In a conventional drug delivery device, a priming operation is performed to ensure that the parts of the driving mechanism are moved to their predetermined position with respect to the other parts. Typically, the priming step has to be performed prior to the first use of the device to close a possible gap between the cartridge bung and the plunger and to overcome tolerances within the device. For the priming step, a user has to set a small dose and to dispense this dose while monitoring whether e.g. fluid leaves the device.
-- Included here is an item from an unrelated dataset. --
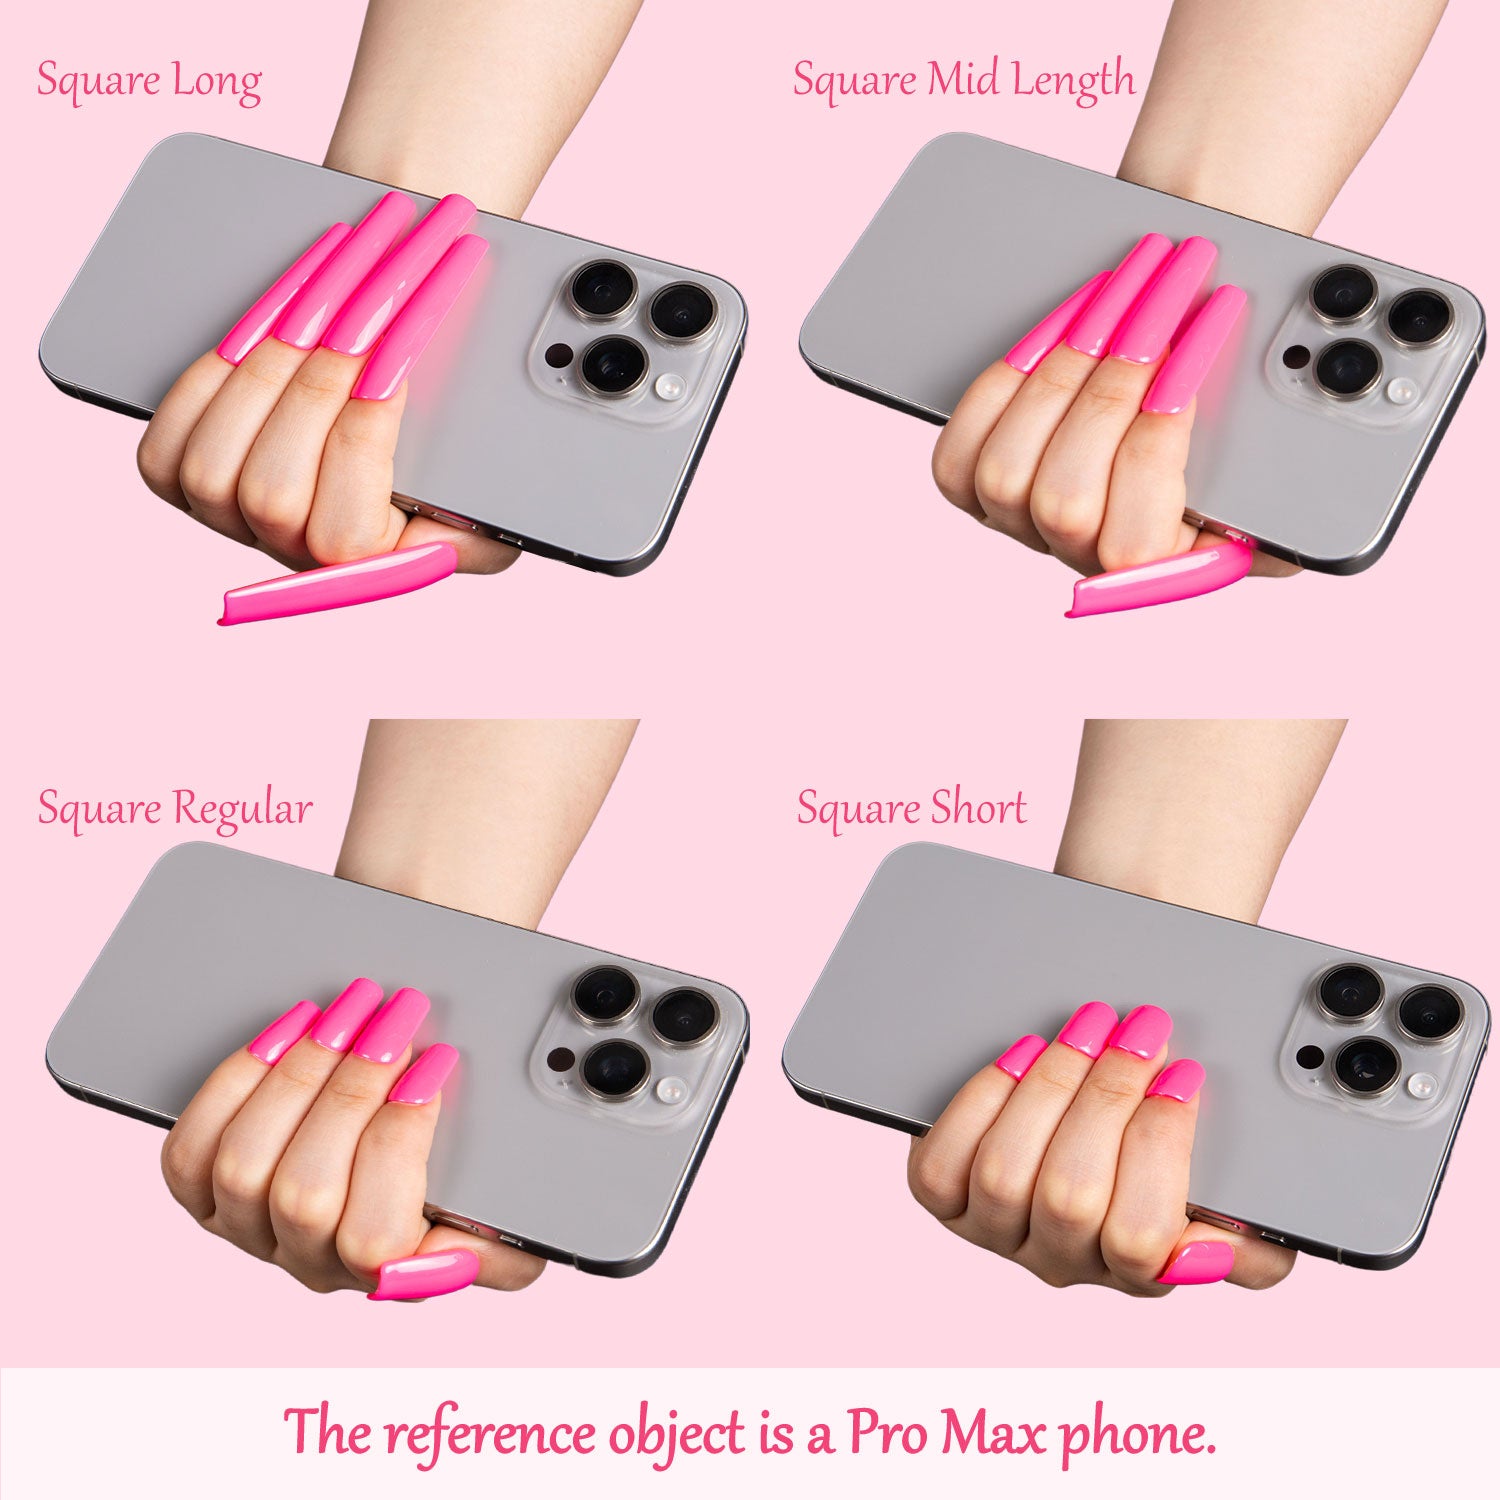 Comparison of four square-shaped pink press-on nail lengths, from long to short, with an iPhone Pro Max as reference.

This action has to be repeated until e.g. fluid actually leaves the device.
There is a risk of an underdose at least during the first use of the device if a user does not perform this priming step. Users who are unfamiliar with such drug delivery devices may fail to correctly prime their drug delivery device before dispensing the first dose. If this occurs, the correct volume of the drug may not be delivered in the first dose, as part of the dialed dose is needed to close up any gaps between parts in the mechanism.
EP 2 482 899 B1 discloses a manually operated drug delivery device with an assembly which can be adjusted during assembly of the device, preferably during final assembly after fitting the cartridge, to bring a piston rod in contact with a cartridge bung. This removes tolerance gaps from the assembly and eliminates the need for a priming operation which is undertaken by the user prior to delivery the first dose of drug. The assembly of this known device requires using a tool to move a first drive member with respect to a second drive member, thereby moving a piston rod towards a bung during an assembly action, and thereafter coupling the first drive member with the second drive member so that the movement of the first drive member with respect to the second drive member is prevented during a dose setting and delivery action.
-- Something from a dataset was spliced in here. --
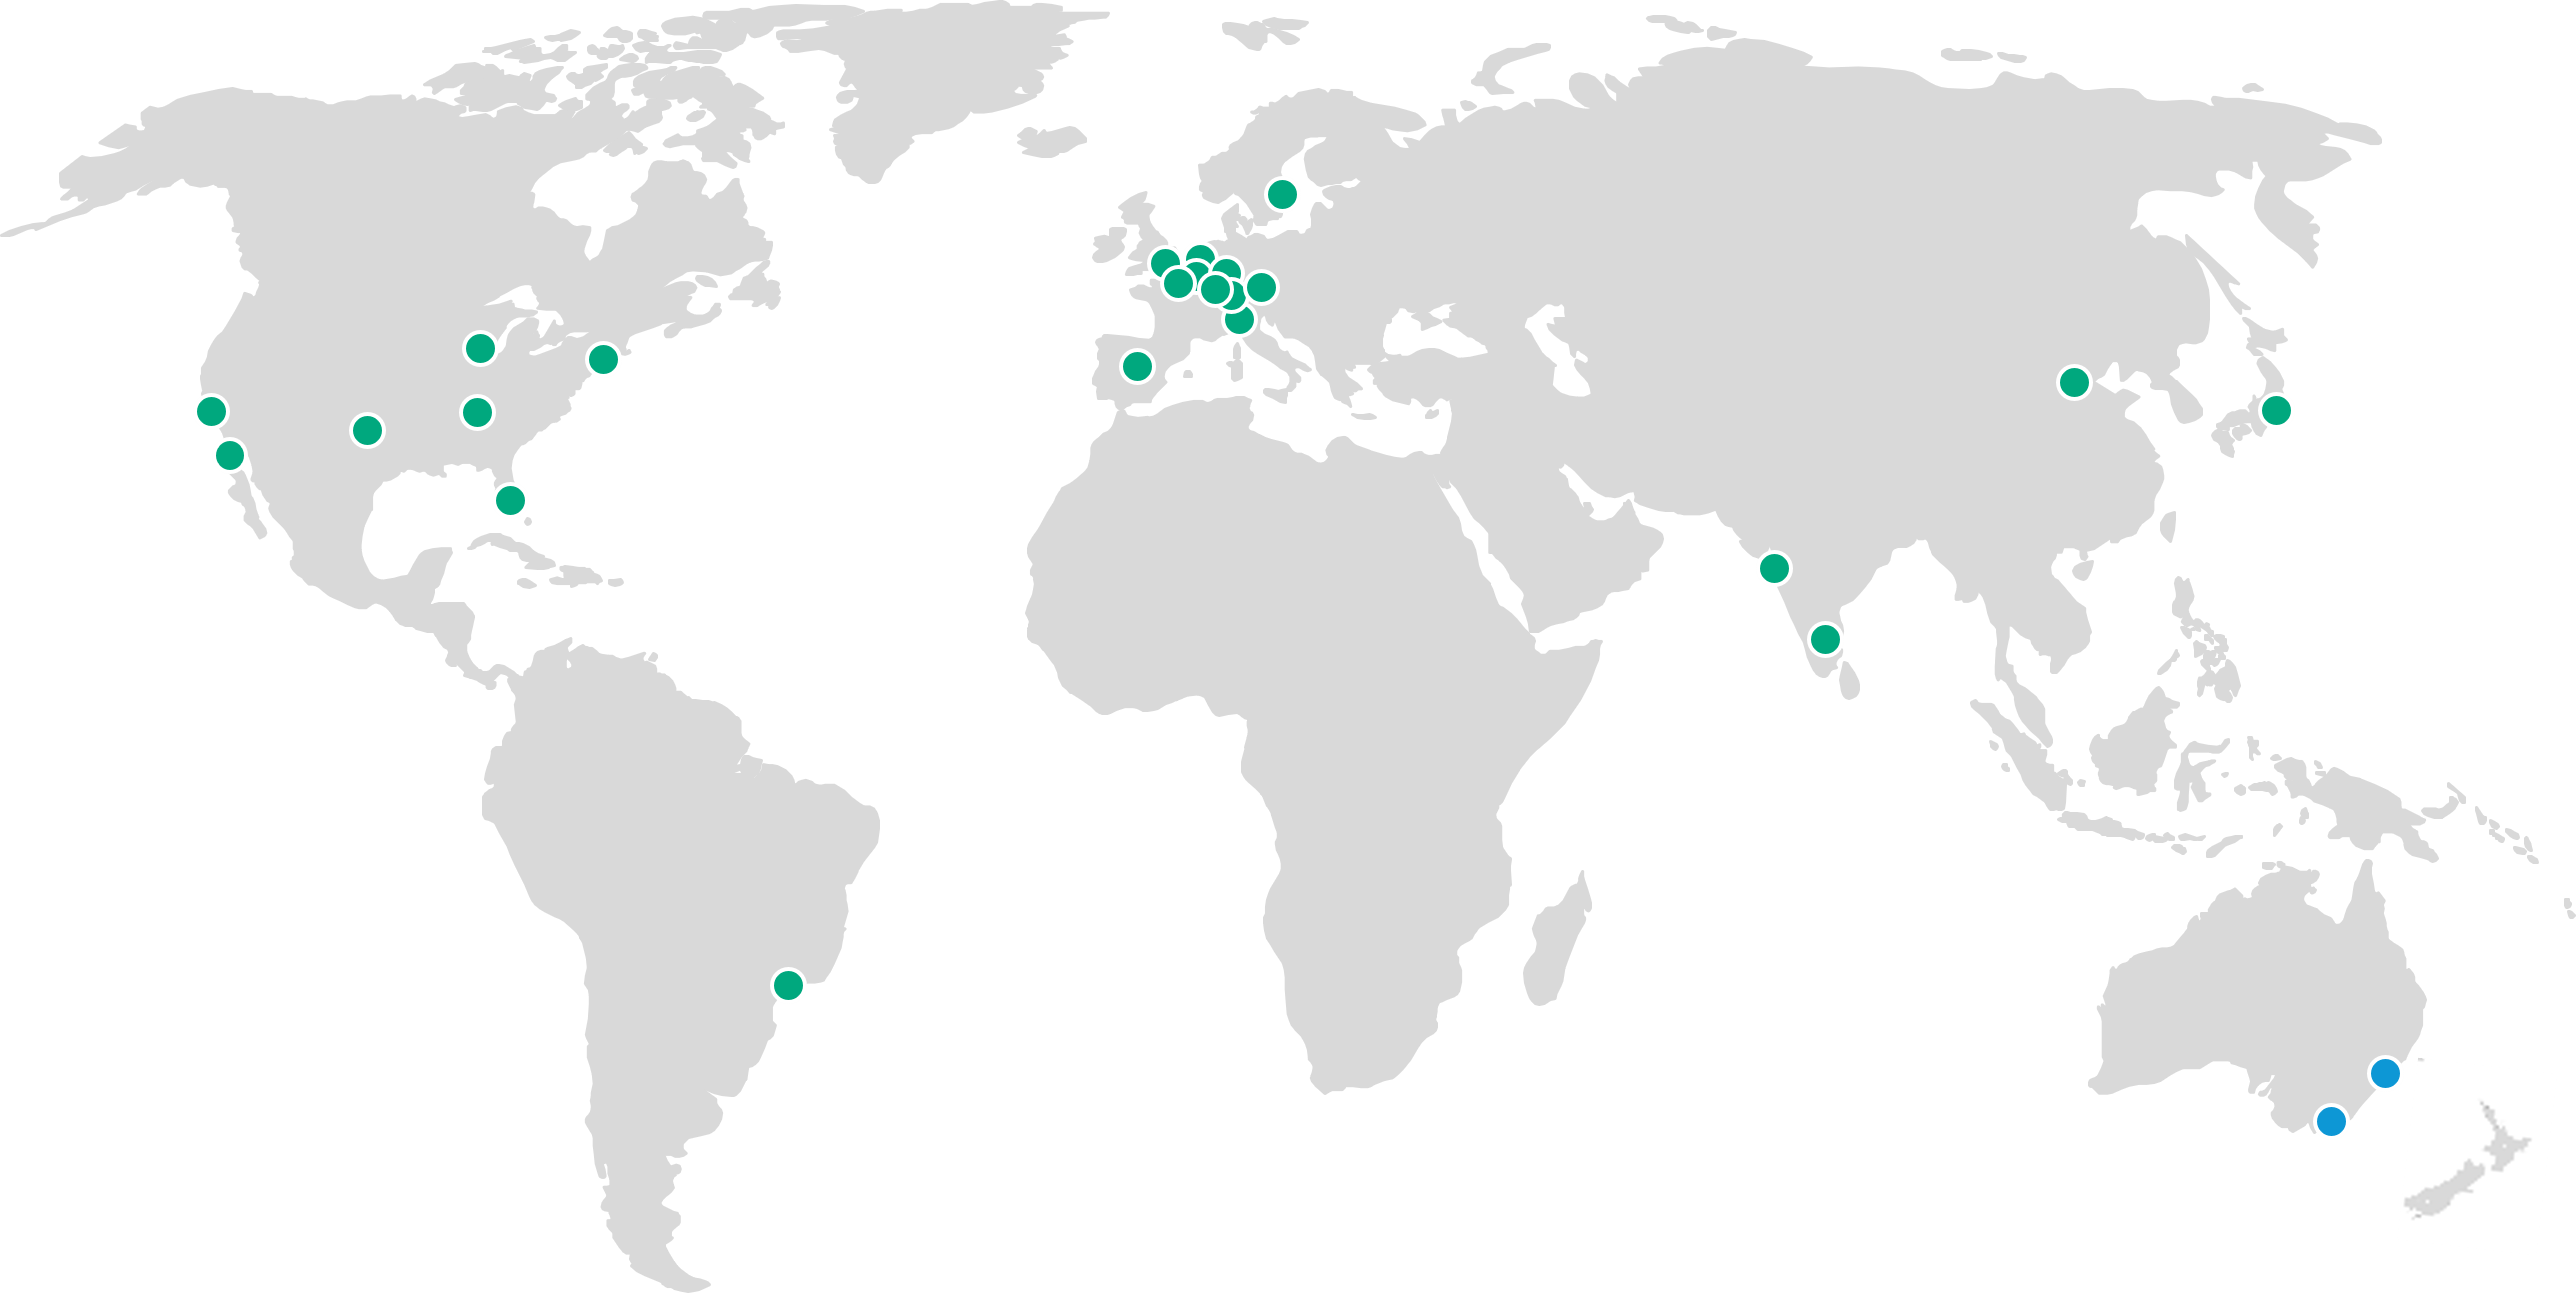 World map showing office locations for Miles and Lincoln International

WO 2014/036239 A2, WO 2010/112377 A1 and WO 2008/142394 A1 each disclose a drug delivery device comprising a spring loaded piston which is attached to a belt or tether retaining the piston against the force of the spring. One end of the belt is attached to a spool on a gear wheel which is in engagement with a worm gear driven by an electric motor. Actuation of the motor allows unwinding of the belt which in turn allows displacement of the piston by the spring. In addition, WO 2014/036239 A2 mentions a control unit with a sensor detecting slack in the belt or tether. Further a sensor and an encoder may be used to provide positional feedback, end-of-dose signal and error indication.
WO 2014/139918 A1 and WO 2011/039229 A1 each describe an assembly method for a drug delivery device, wherein the device comprises a threaded piston rod engaging a threaded drive sleeve. During assembly the drive sleeve is rotated thereby advancing the piston rod. The torque required for rotating the piston rod is measured to detect a sudden increase in torque when the piston rod contacts a bung in a cartridge. WO 2014/029682 A2 proposes a method for detecting snap engagement of a piston rod and a bung by a sudden change in force or torque required for piston rod displacement.